# My Wife and Grave's Disease



## john_e_turner_ii (Mar 3, 2011)

My wife had lab results that indicate Grave's disease about three years ago, but she had no symptoms. We put off treatment to see if it would resolve, and it did. Within three months, her labwork was normal, and at 6 months and a few years after, still normal. However, this past December, her labs indicated high thyroid function/Grave's disease again. She still had no symptoms. Our primary physician urged her to seek treatment. We sought a naturopathic MD, who prescribed several vitamins and supplements. Very soon after my wife started having symptoms of rapid heart beat, palpitations, sweats, weight loss, etc. We visited a regular MD, endocrinologist this week, and are awaiting her repeat lab results.

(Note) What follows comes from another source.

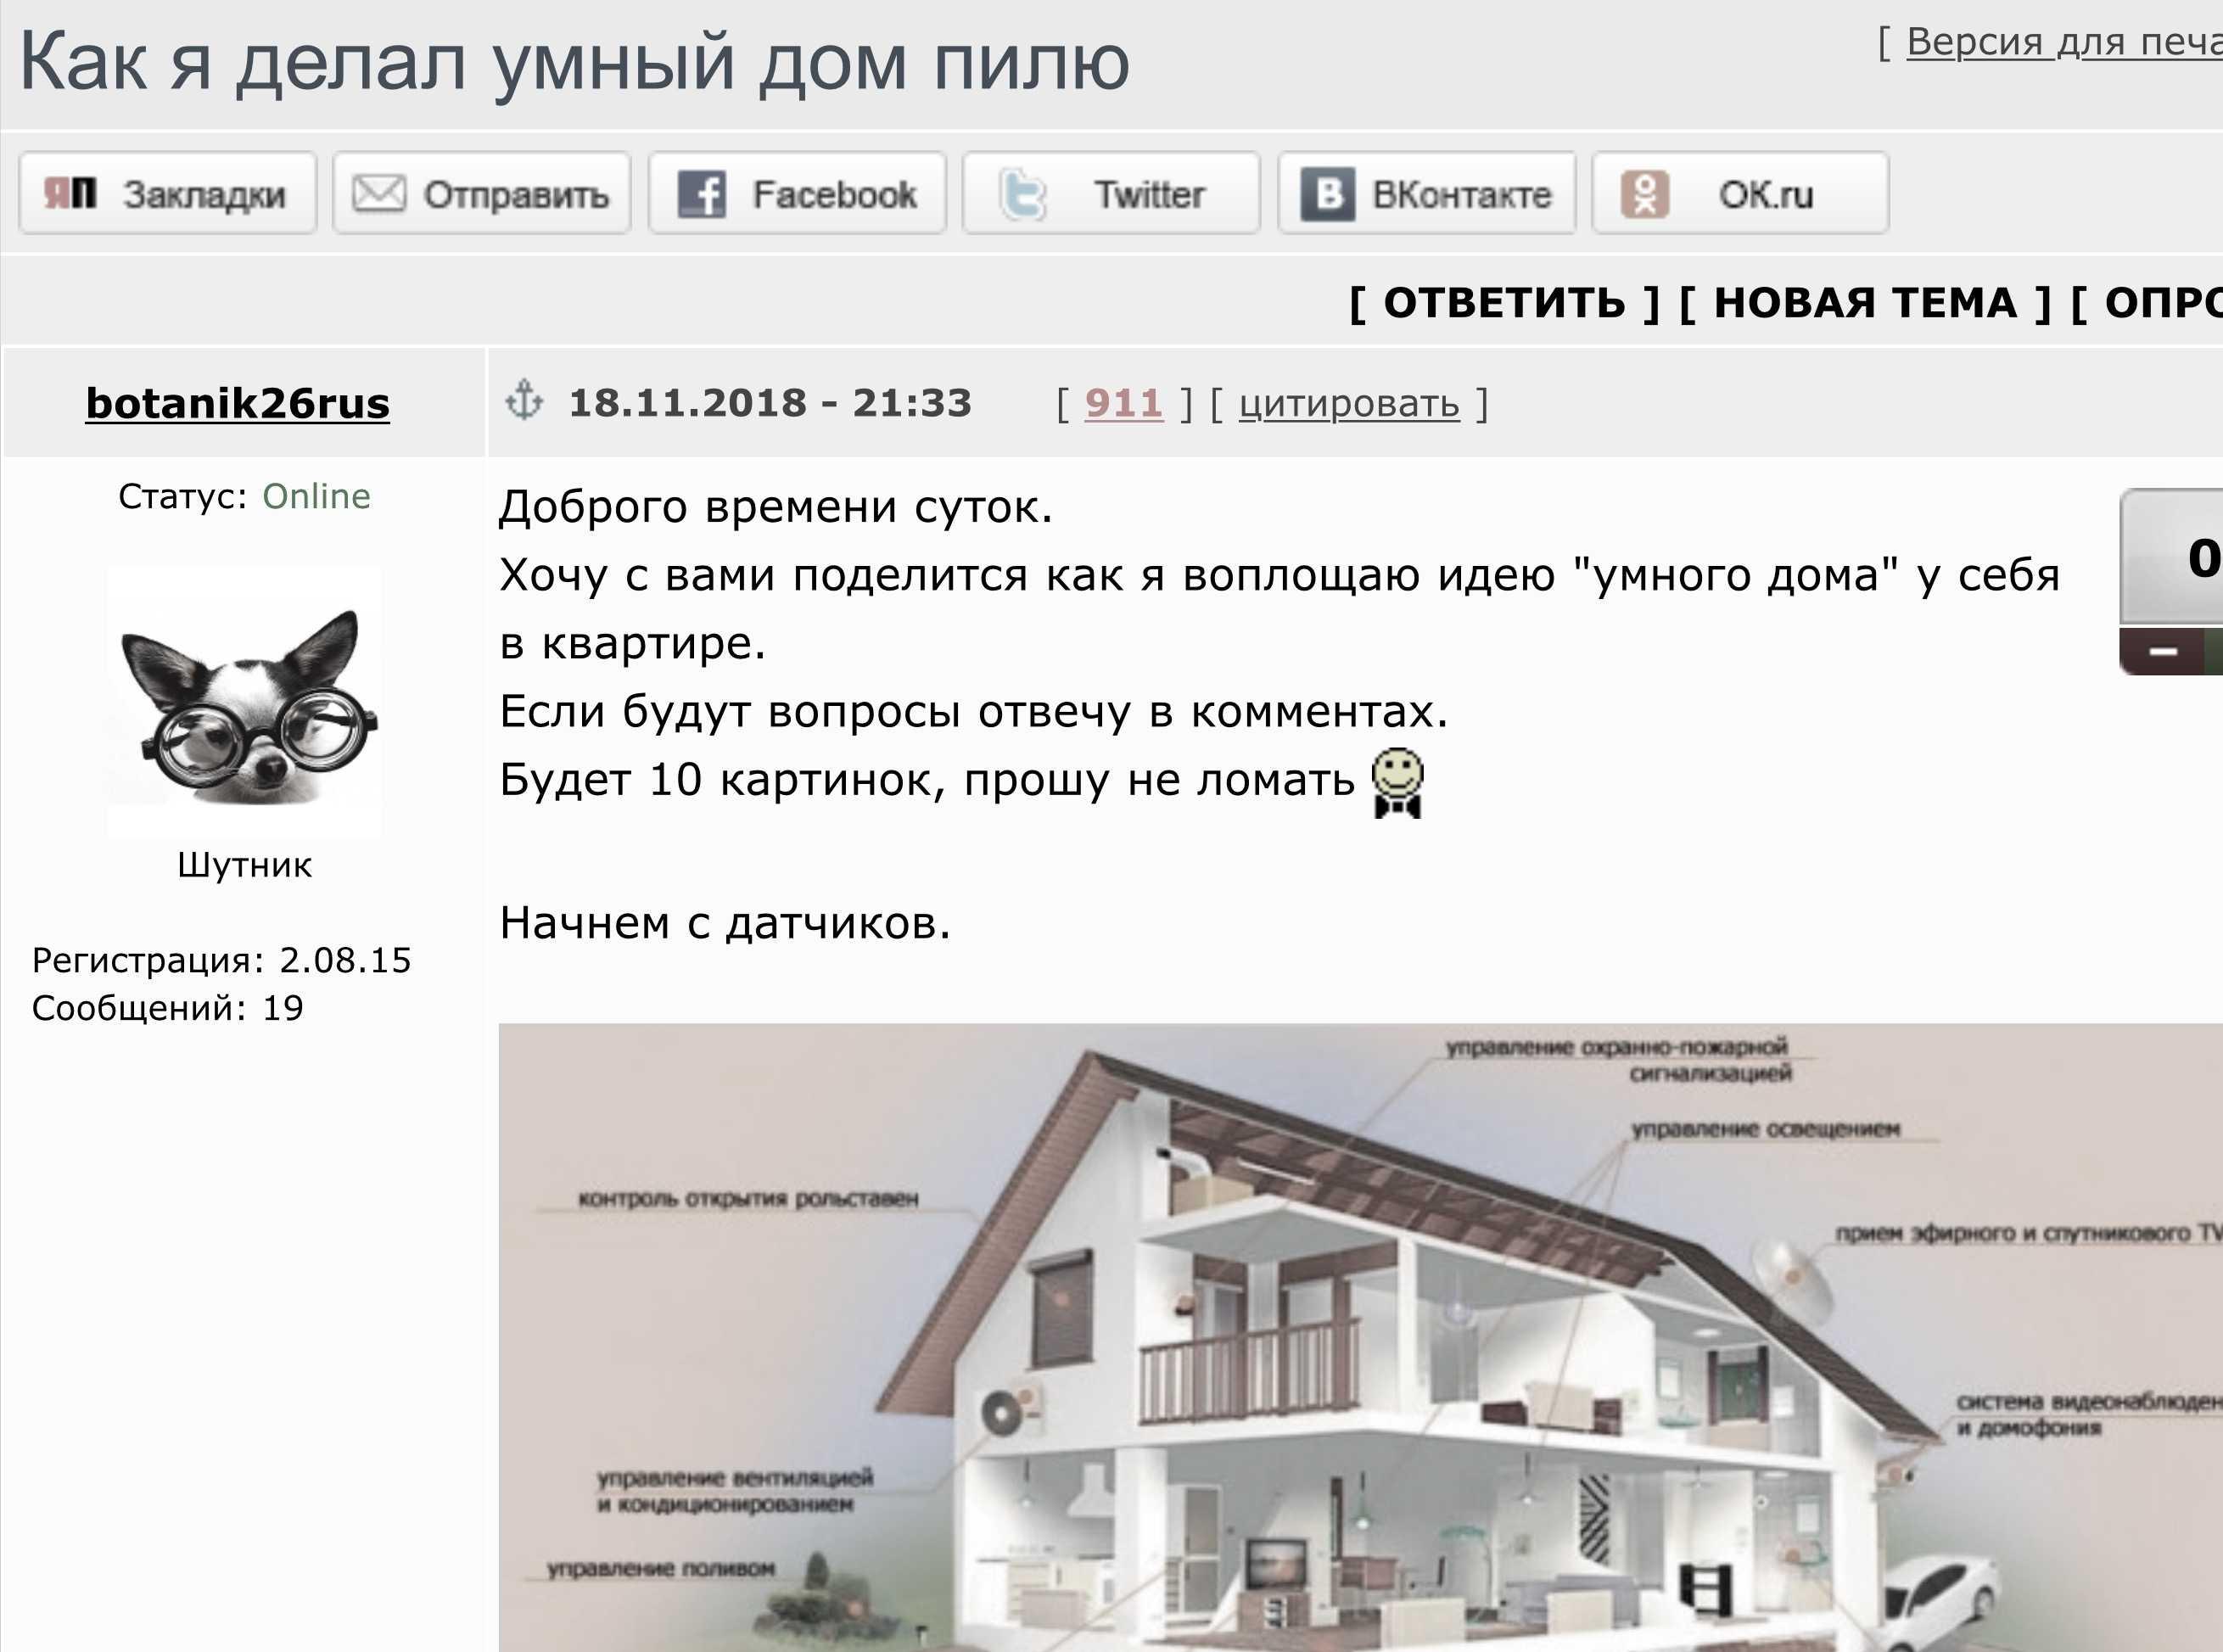 Яндекс алиса умный дом, устройство, настройка, как работает и возможности, как подключить, управление, совместимость с другими устройствам

So, what can we expect as a progression of this and treatment? My wife (Mary) has been very healthy. She is in her early 40's, great physical shape, works out and takes good care of herself. She is very anxious about dying or having severe complications. Thanks for any advice.


----------



## Andros (Aug 26, 2009)

john_e_turner_ii said:


> My wife had lab results that indicate Grave's disease about three years ago, but she had no symptoms. We put off treatment to see if it would resolve, and it did. Within three months, her labwork was normal, and at 6 months and a few years after, still normal. However, this past December, her labs indicated high thyroid function/Grave's disease again. She still had no symptoms. Our primary physician urged her to seek treatment. We sought a naturopathic MD, who prescribed several vitamins and supplements. Very soon after my wife started having symptoms of rapid heart beat, palpitations, sweats, weight loss, etc. We visited a regular MD, endocrinologist this week, and are awaiting her repeat lab results.
> 
> So, what can we expect as a progression of this and treatment? My wife (Mary) has been very healthy. She is in her early 40's, great physical shape, works out and takes good care of herself. She is very anxious about dying or having severe complications. Thanks for any advice.


Hey there! Welcome to the board and I am sorry to hear about the wife.

It depends on the treatment option as to what the progression is. She may be put on antithyroid meds w/ a beta-blocker. This is a roller coaster ride at best but many insist on trying this in the hopes that Graves' will go into remission. I have seen only a temporary remission; never a permanent one. Permanent meaning always and forever until death claims our bodies.

Most who chose this course often throw up their hands in despair and opt out for surgery or RAI.

If I had known what I know now, I would have gone straight on to surgery. No detours.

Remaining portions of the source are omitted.